### [Task to carry out]
Starting at the line below with "PARICOLLO LOOSEFIT DANIELE" and stopping at the line with "Entreprise : quel", please print each line exactly, those two included, and skip every picture.

### [Given material]
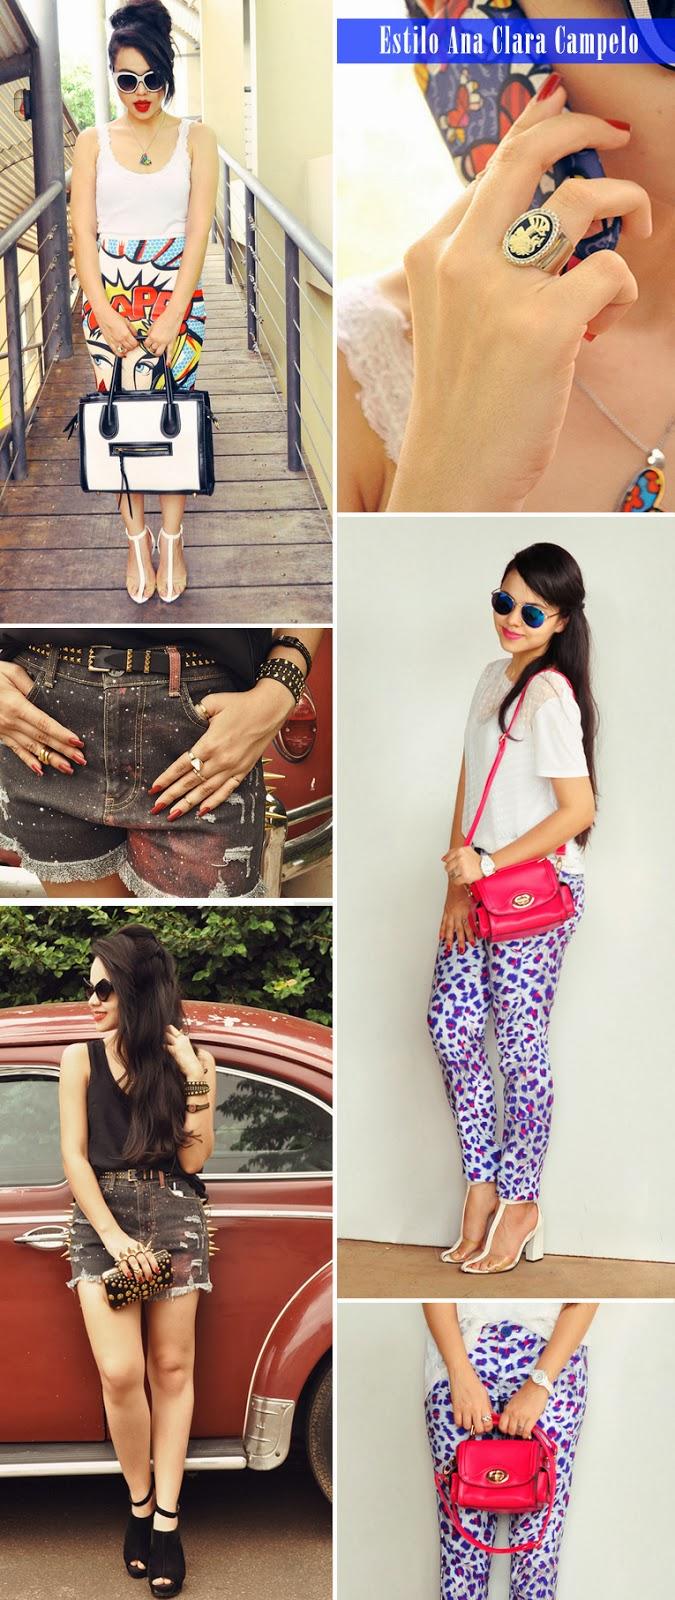 Blogger, blogueira, ana clara campelo, zebra trash, inspiração, moda, fashion, estilo
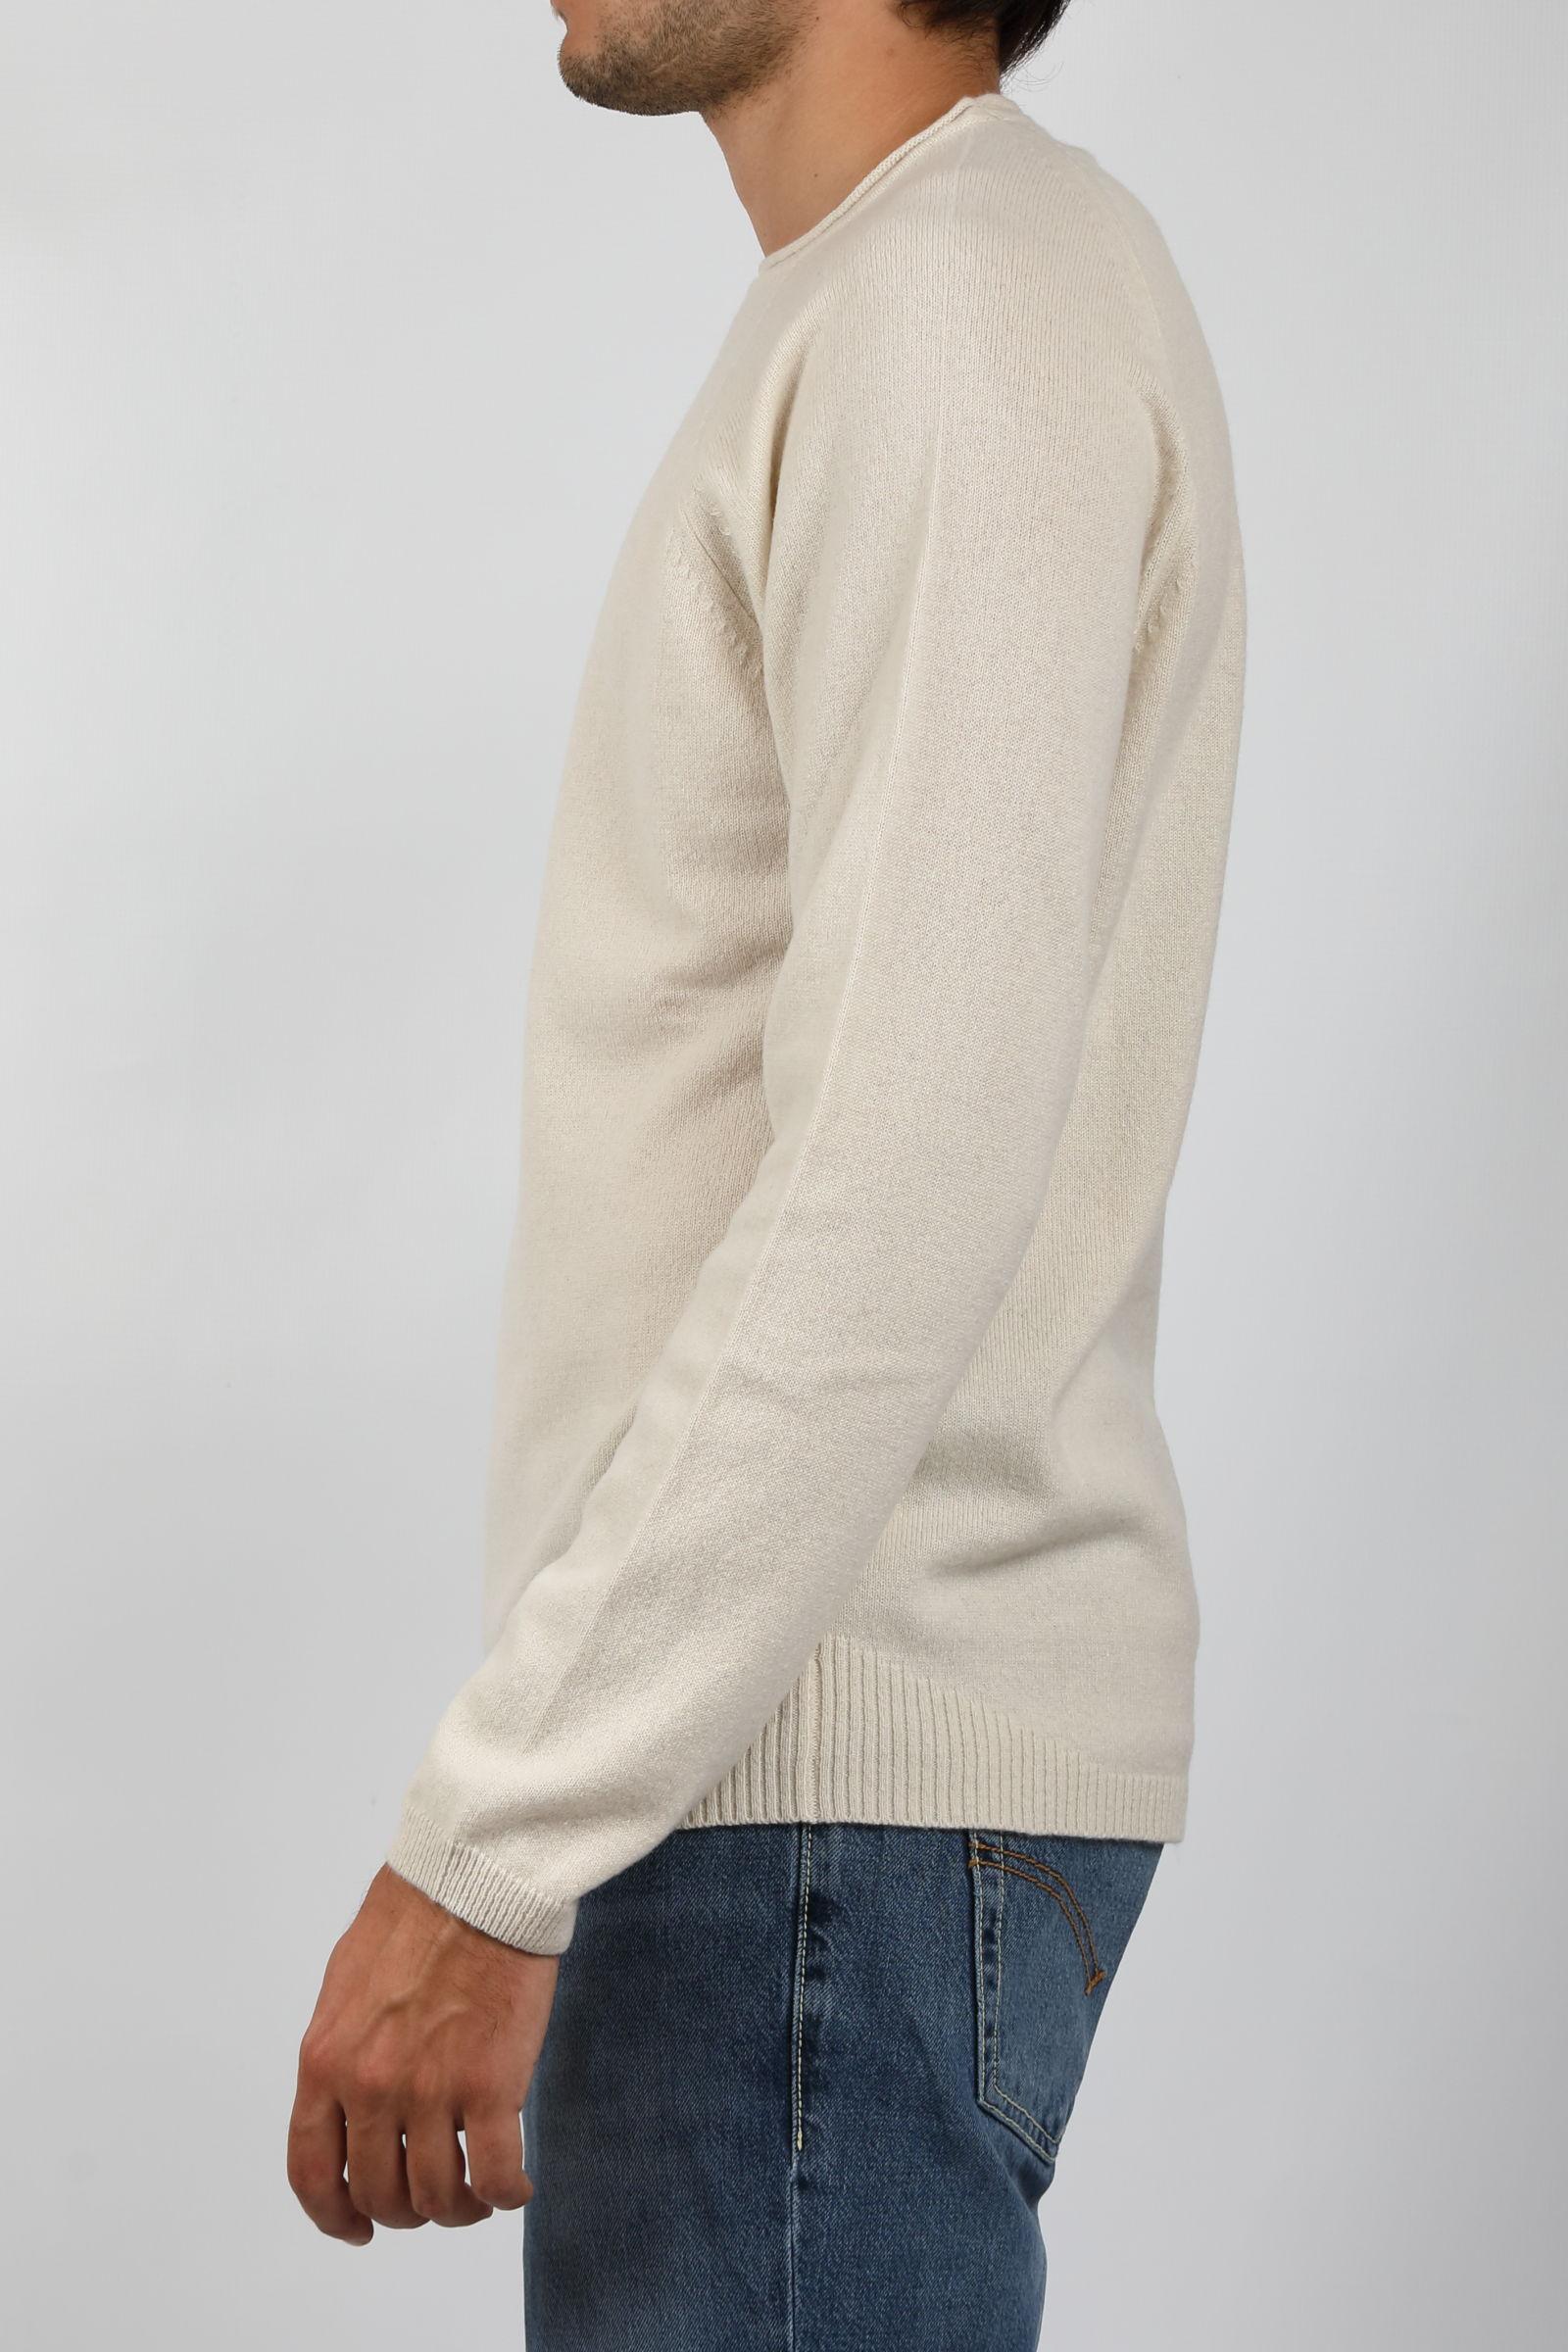 PARICOLLO LOOSEFIT DANIELE FIESOLI | Knitwear | DF3006100
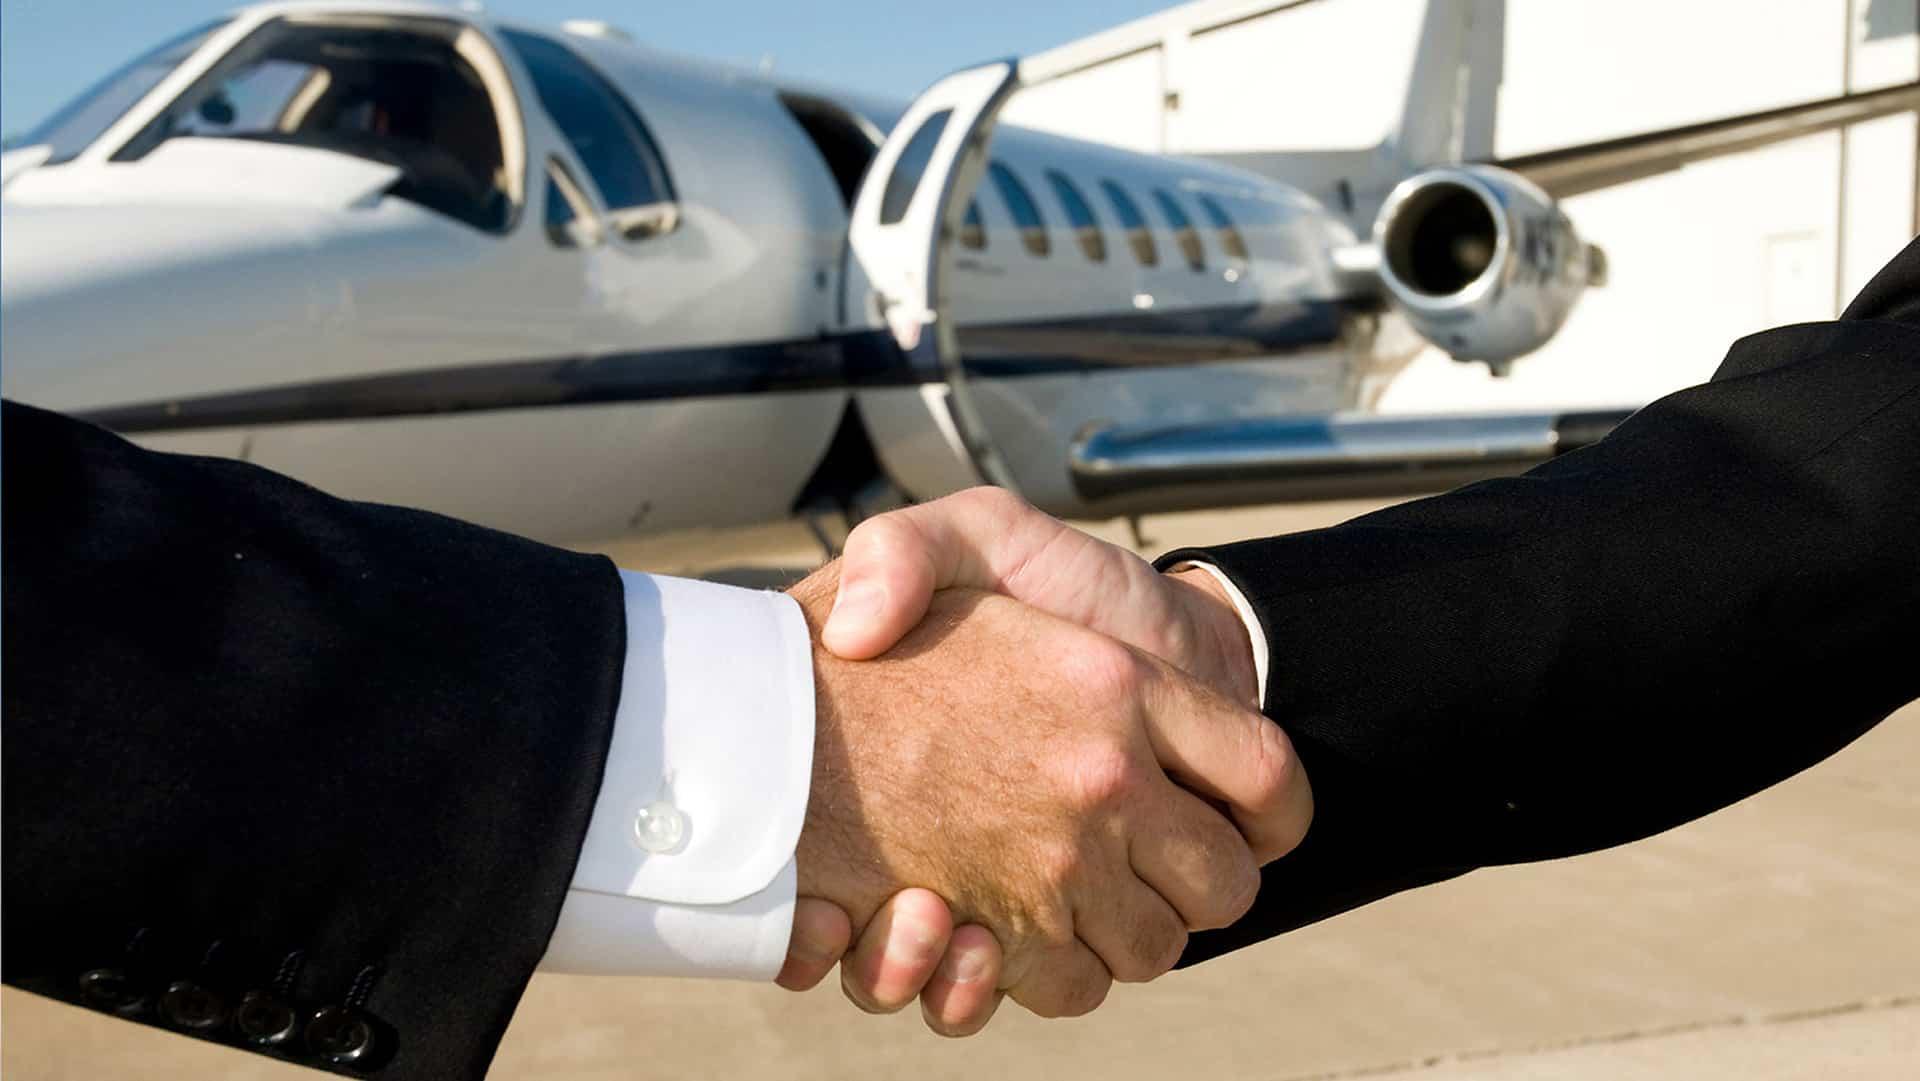 Entreprise : quel est l'intérêt des voyages d'affaires ?
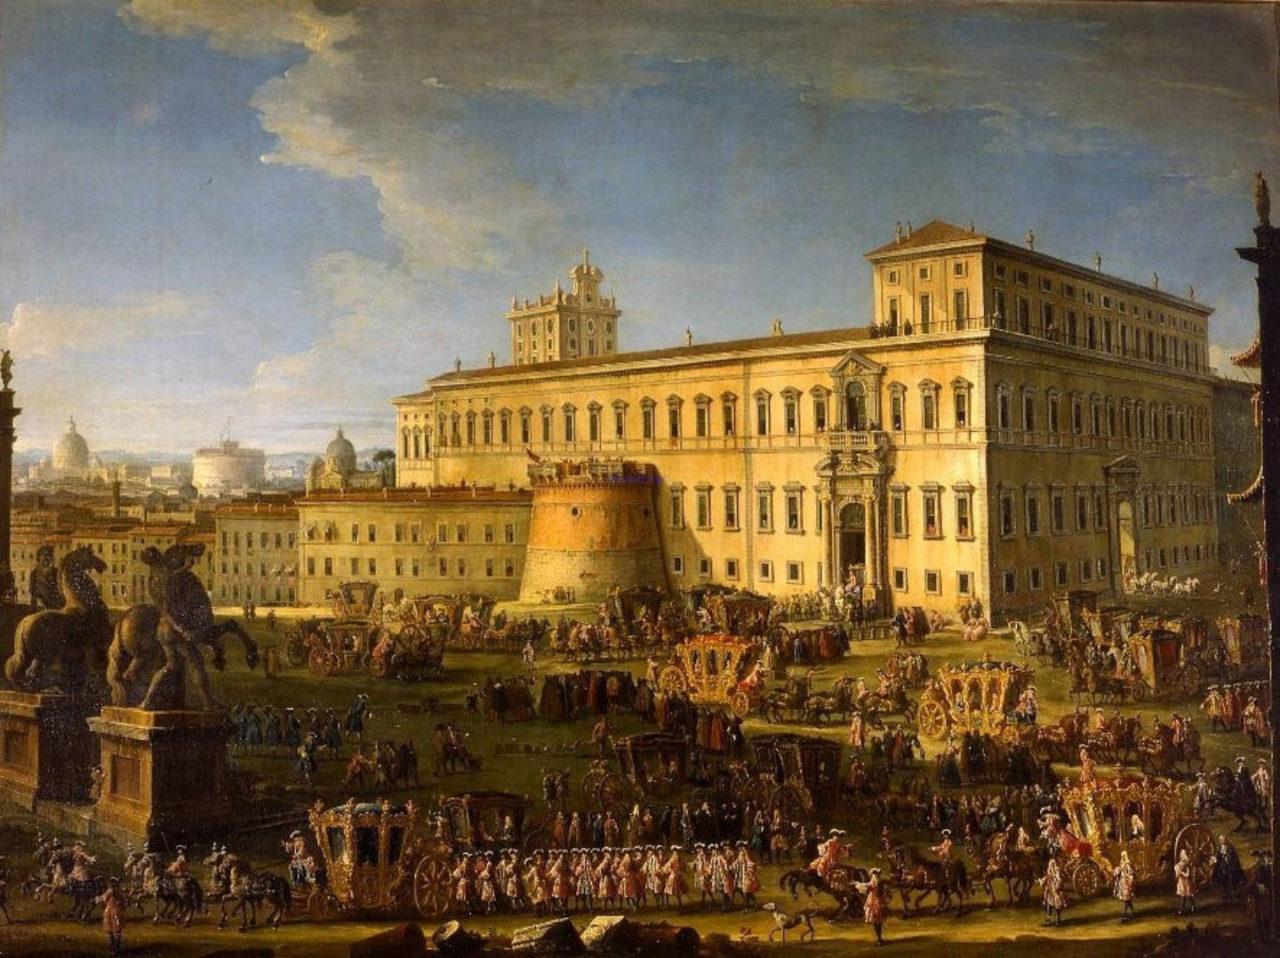 https://thesubmarine.it/wp-content/uploads/2018/06/Il_corteo_dellambasciatore_veneziano_Alvise_Mocenigo_dopo_ludienza_papale_nel_palazzo_del_Quirinale-1280x958.jpg

### [Response]
 PARICOLLO LOOSEFIT DANIELE FIESOLI | Knitwear | DF3006100
 Entreprise : quel est l'intérêt des voyages d'affaires ?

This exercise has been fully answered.